Index | Recent Threads | Unanswered Threads | Who's Active | Guidelines | Search |
World Community Grid Forums
Category: Active Research Forum: Africa Rainfall Project Thread: invalid |
No member browsing this thread |
Thread Status: Active Total posts in this thread: 15
|
Author |
|
Unixchick
Veteran Cruncher Joined: Apr 16, 2020 Post Count: 859 Status: Offline Project Badges: |
I have a new machine, and haven't run ARP on this machine before. I'm watching it closely.
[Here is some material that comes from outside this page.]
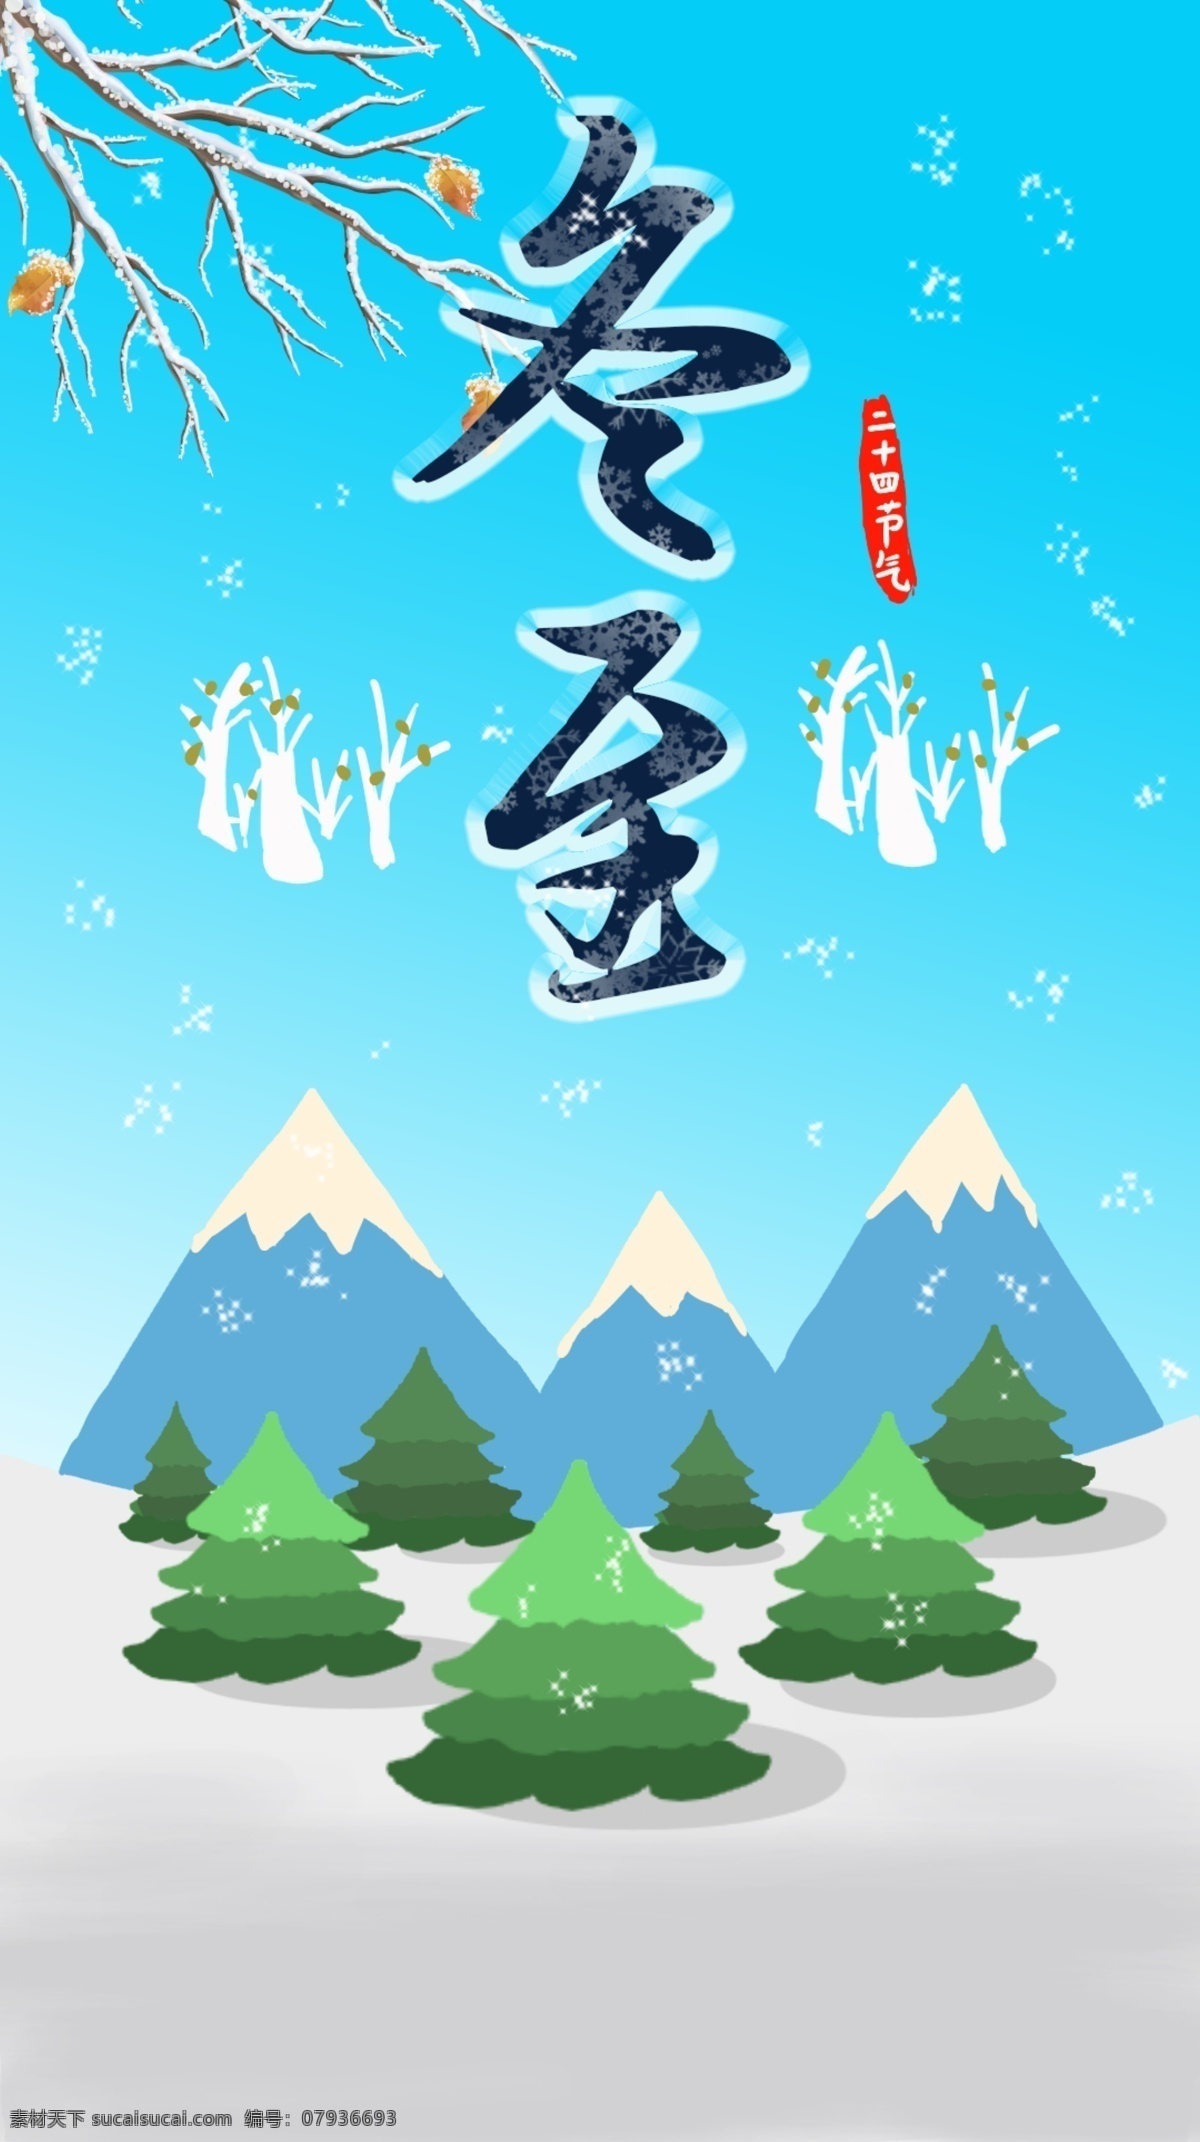 立冬 卡通 节日 海报 手绘 松树 雪人 冬日 冬天 下雪

----------------------------------------I have one valid result and one invalid result so far. This is the invalid one: https://www.worldcommunitygrid.org/contribution/workunit/650804920 I think it is due to the client version matching for the other two systems and mine being different. Just wanted to see if anyone had any different ideas. I don't think I'm sending back bad data, just think things don't match (in minor ways) across different OS and or client versions. Which isn't great, but nothing to worry about. UG I hope that doesn't make my system untrustworthy and prevent me from getting ARP. [Edit 1 times, last edit by Unixchick at Jan 21, 2025 6:25:08 PM] |
||
|
Unixchick
Veteran Cruncher Joined: Apr 16, 2020 Post Count: 859 Status: Offline Project Badges: |
I'm getting ARP WUs again. I'm still coming up with an invalid one here and there, and I can't see a reason why. I'm getting credit even for my invalid ones. It is strange.
|
||
|
Bryn Mawr
Senior Cruncher Joined: Dec 26, 2018 Post Count: 337 Status: Offline Project Badges: |
I'm getting ARP WUs again. I'm still coming up with an invalid one here and there, and I can't see a reason why. I'm getting credit even for my invalid ones. It is strange. What does the Stderr say? (The link in your first post is invalid for me). |
||
|
Unixchick
Veteran Cruncher Joined: Apr 16, 2020 Post Count: 859 Status: Offline Project Badges: |
https://www.worldcommunitygrid.org/contribution/workunit/652259399
Here is a link to the most recent invalid. It doesn't give me any info, as the ones that are valid and invalid, look the same. I haven't found any clue to when it is invalid. |
||
|
William Albert
Cruncher Joined: Apr 5, 2020 Post Count: 36 Status: Offline Project Badges: |
https://www.worldcommunitygrid.org/contribution/workunit/652259399 Here is a link to the most recent invalid. It doesn't give me any info, as the ones that are valid and invalid, look the same. I haven't found any clue to when it is invalid. I wouldn't expect any useful log information from an Invalid WU, since if something went wrong during the processing in a way that actually produced a log entry, the WU would likely be logged as "Error" instead. "Invalid" is BOINC's way of saying, "You've finished processing the work, but the results you reported don't match with the results that others reported." While this could potentially be caused by a software issue that leads an application to produce different results when run on different platforms/hardware (and I don't think WCG makes computer information available in the way that other projects do, so that would be difficult for users to troubleshoot), the more likely explanation is that your hardware is not entirely stable. |
||
|
cliviafreak
Cruncher Joined: Jan 13, 2025 Post Count: 16 Status: Recently Active Project Badges: |
With floating-point computation different hardware always returns a slightly different result. It may be that your hardware is reporting just outside a specified range of tolerance (like x plus or minus 0.001% or something).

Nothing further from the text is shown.